In the time of Yeats
World War I was a huge cultural trauma. In its wake people did sense that modernity was leading to insanity. What’s been realized since is that the roots of the insanity go much deeper than might have been thought in 1920. And the inertia is much stronger.
So it was logical that Fredy started Against Leviathan with Yeats:
This is barbarism! Isn’t it a public secret? Hasn’t it always been the big public secret?
It remains a secret. It is publicly known but not avowed. Publicly the wilderness is elsewhere, barbarism is abroad, savagery is on the face of the other. We’re on the side with the angels.
A shape with lion body and the head of a man,
A gaze blank and pitiless as the sun,
Is moving its slow thighs . . .
. . . is moving its slow thighs against the projected wilderness, against the reflected barbarism, against the savage face that looks out of the pond, its motion emptying the pond, rending its banks, leaving an arid crater where there was life.
In a wonderfully lucid book titled Beyond Geography, a book which also goes beyond history, beyond technology, beyond civilization, Frederick W. Turner (not to be confused with Frederick Jackson Turner, the frontiersman’s advocate) draws the curtain and floods the stage with light.
Others drew the curtain before Turner; they’re the ones who made the secret public: Toynbee, Drinnon, Jennings, Camatte, Debord, Zerzan among contemporaries whose lights I’ve borrowed; Melville, Thoreau, Blake, Rousseau, Montaigne, Las Casas among predecessors; Lao Tze as long ago as written memory can reach.
Turner borrows the lights of human communities beyond civilization’s ken to see beyond geography. He sees with the eyes of the dispossessed of this once beautiful world that rests on a turtle’s back, this double continent whose ponds emptied, whose banks were rent, whose forests became arid craters from the day it was named America.
. . . a vast image out of Spiritus Mundi
Troubles my sight . . .
Focusing on the image, Yeats asked,
And what rough beast, its hour come round at last,
Slouches toward Bethlehem to be born?
The vision is as clear to Turner as it was to Yeats:
The darkness drops again; but now I know
That twenty centuries of stony sleep
Were vexed to nightmare by a rocking cradle.
* * * *
Seers of old returned to share their visions with their communities, just as women shared their corn and men their hunt.

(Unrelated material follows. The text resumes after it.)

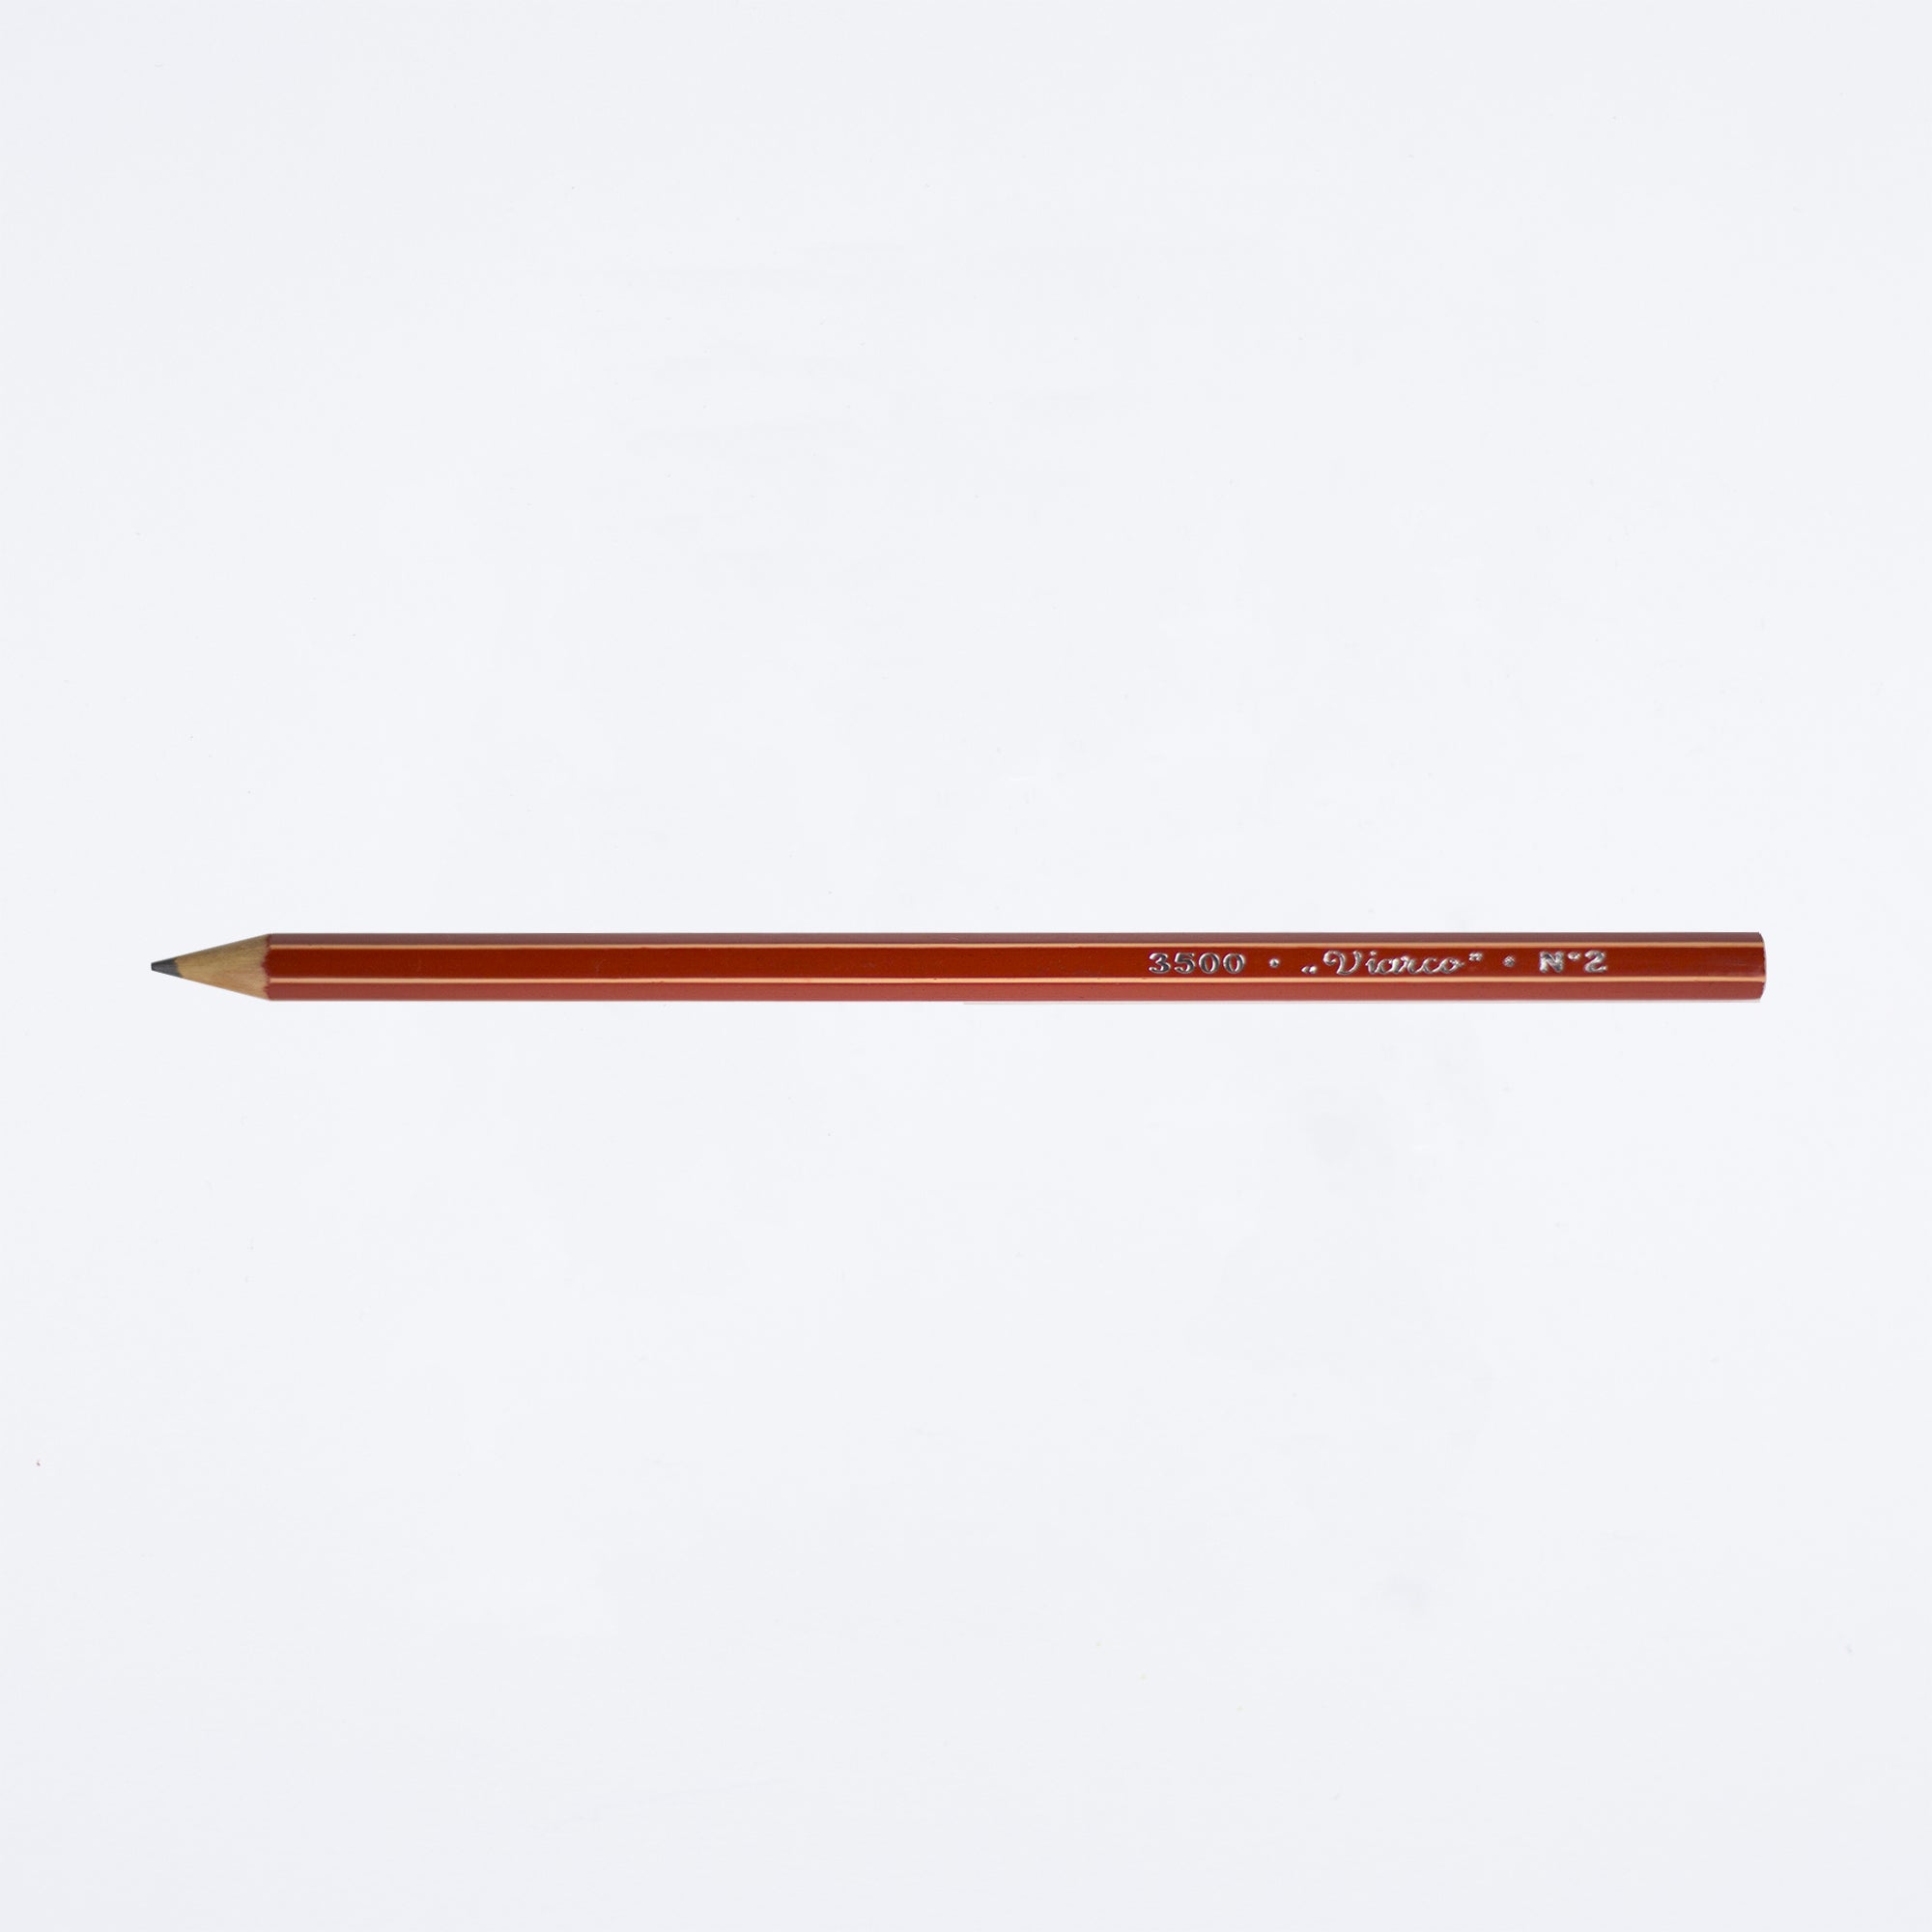 Viarco Vintage 3500 Pencil

But now there is no community. The very memory of community is a fogged image out of Spiritus Mundi.
The seers of now pour their vision on sheets of paper [he’s referring to academics who safely conform] on banks of arid craters where armored bullies stand guard [in the modern academy, re: upholding the conformist worldview of Western civilization] and demand the password, Positive Evidence. No vision can pass by their gates. The only song that passes is a song gone as dry and cadaverous as the fossils in the sands.
Turner, himself a guard, a professor, has the courage of a Bartolomé de Las Casas. He storms the gates, refuses to give the password, and he sings, he rants, he almost dances.
Of late, many have been storming the gates. Only recently, one [Solzhenitsyn] sang that the net of factories and mines was the Gulag Archipelago and all workers were zeks (namely conscripts, inmates, labor gang members). Another sang that the Nazis lost the war but their new order didn’t. Ranters are legion now. Is it about to rain? Is it the twilight of a new dawn? Or is it the twilight in which Minerva’s owl can see because day is all done?
Turner, Toynbee and others are focusing on the beast that is destroying the only known home of living beings.